The apartment building faces a park. Ah, Nature!

Makes you feel safer, doesn't it?

One more example of row housing.

And the corresponding mews, with one swapped out for a modern building. The theory behind glass houses is that light is good, but the location here means you have to keep the drapes drawn. How much sense does that make? Says the owner: "Hey, it's my money!"

Let's look at some big apartment buildings. Here's a very stylish 1935 Deco block, Dorset House, in Marylebone.

Pevsner wasn't impressed, but Jones and Woodward, in <A Guide to the Architecture of London</i> (1983) say that it creates "an optimistic 1930s image of modern urban life."

Prices in 2012? How about a one bedroom flat, 572 square feet, in good order, for 390,000 pounds?

A more massive example, Parkview Residence, at 219 Baker Street. Sorry, there's no park in sight. Rent? A four-bedroom apartment on the eighth floor was only 2,900 pounds a week, early 2012.

The building used to be Abbey House and was built in 1932. It was vacated in 2005 and remodeled.

The emblem makes sense: this was the home of the Abbey Road Building Society, later Abbey National. The website of its Parkview reincarnation makes no mention of this, or of the fact that the address of the previous tenant overlapped that of Sherlock Holmes. A lot of mail addressed to him arrived here, and perhaps the new owners don't want the hassle.

Grim? This is the Barbican Estate with three tall but by no means cheap apartment buildings on a site cleared by the blitz. Pevsner write that there is "nothing quite like the barbican estate in all British architecture" (1:281). He means that it combines giant buildings separated by parks and free of traffic, which is confined largely to tunnels. It's the program of Le Corbusier, of course. When built, the towers were the tallest in Europe. There are only three flats on any one of the 43 or 44 stories.

The estate also contains lower buildings like this one, "massive far beyond utility" in Pevsner's words. The architects were Chamberlin, Powell & Bon, and they worked here for over a quarter century. A plan had been solicited in 1955 and called for accommodation for 200 people per acre. Construction began in 1963, and a decade later there were 2113 flats for 6,500 people.
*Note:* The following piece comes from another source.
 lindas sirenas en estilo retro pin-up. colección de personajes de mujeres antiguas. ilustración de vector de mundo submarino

The plan called for the apartments to be rented; in fact, most were sold. The prices aren't cheap.

Some will praise the view.

Others will prefer the pool. Pevsner says that "none of this is for the faint-hearted" (1:283).
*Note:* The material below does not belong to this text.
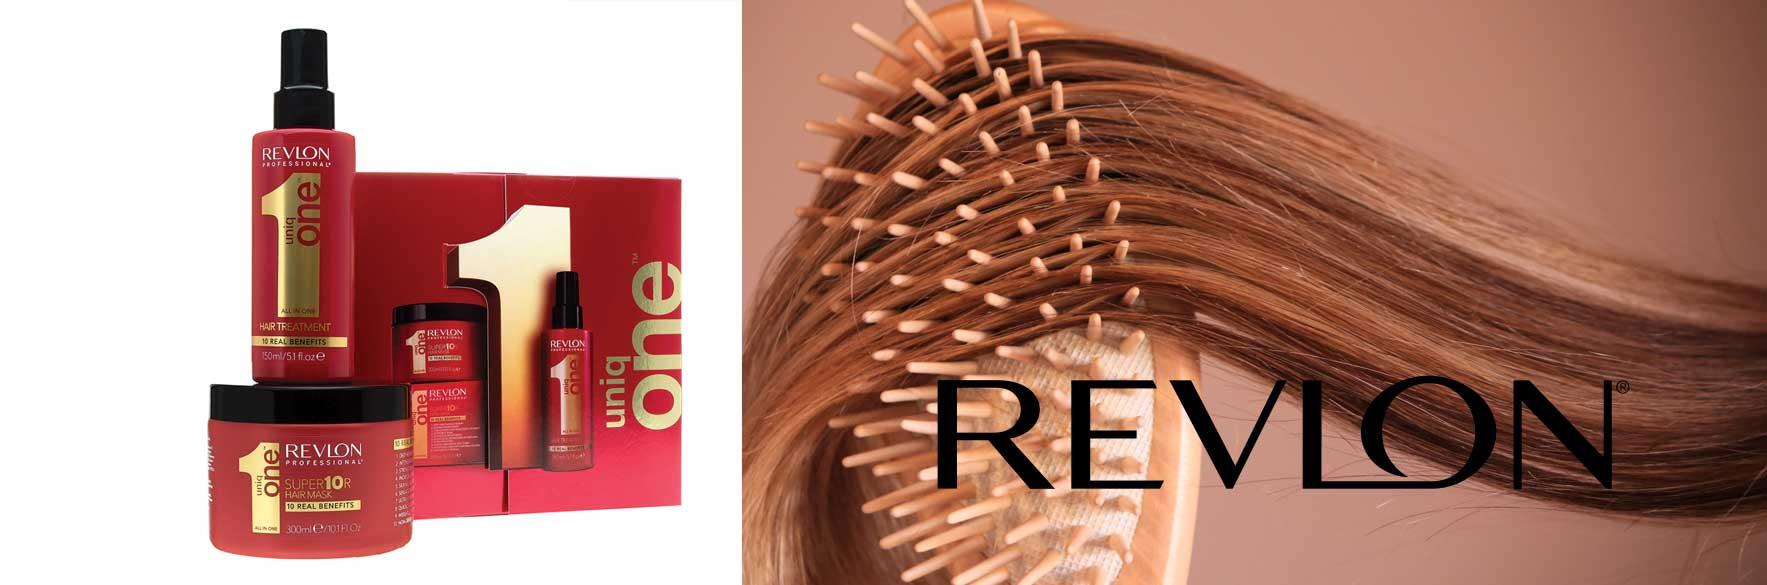 محصولات رولون REVLON امریکایی - آرایشی و بهداشتی

If you like the Barbican, of course, you'll love The Heron.

But if you like the Heron, and can afford it, you might just be drawn back to the river and, if not to Cheyne Walk, then to The AlbionRiverside, designed (again) by Norman Foster and crew. Three-bedroom apartment on the fifth floor, water side: 2.45 million pounds.

Too rich? Try these apartments on Warwick Crescent. You'd never know it, but the view's pretty good.

For price details, try http://houseprices.landregistry.gov.uk/sold-prices/Montagu+Square,+london

See?

Course, you have to look the right way. Either that, or learn to learn the A40.

Then there's this, the most expensive apartment building in London, developed by the Candy Brothers with Qatari funding. Advertised as One Hyde Park, the building offers one-bedroom apartments starting at six million pounds. For that, you get armored glass and a ton of respect, plus a Lamborghini dealership on the ground floor.

The copper fins keep out prying eyes.

We've trotted a few blocks down Glebe Place, not for these terraces but something around the corner.

There's an old school behind the wall. It's most recently been the Jamahuriya School.

It's hard to see the thing.

Anyway, it's doomed, marked for replacement by something even pricier than One Hyde Park. It will be The Glebe, marketed as London's most expensive apartment building.

Yes, a few plain-vanilla highrises have made their way into the city. Here's The Quandrangle on Norfolk Crescent. It's just a few blocks from Paddington Station. You can get a two-bedroom flat on the fourth floor for 1.1 million pounds. No: it hasn't been touched since it was built, so you'll probably want to shell out a bit on updates.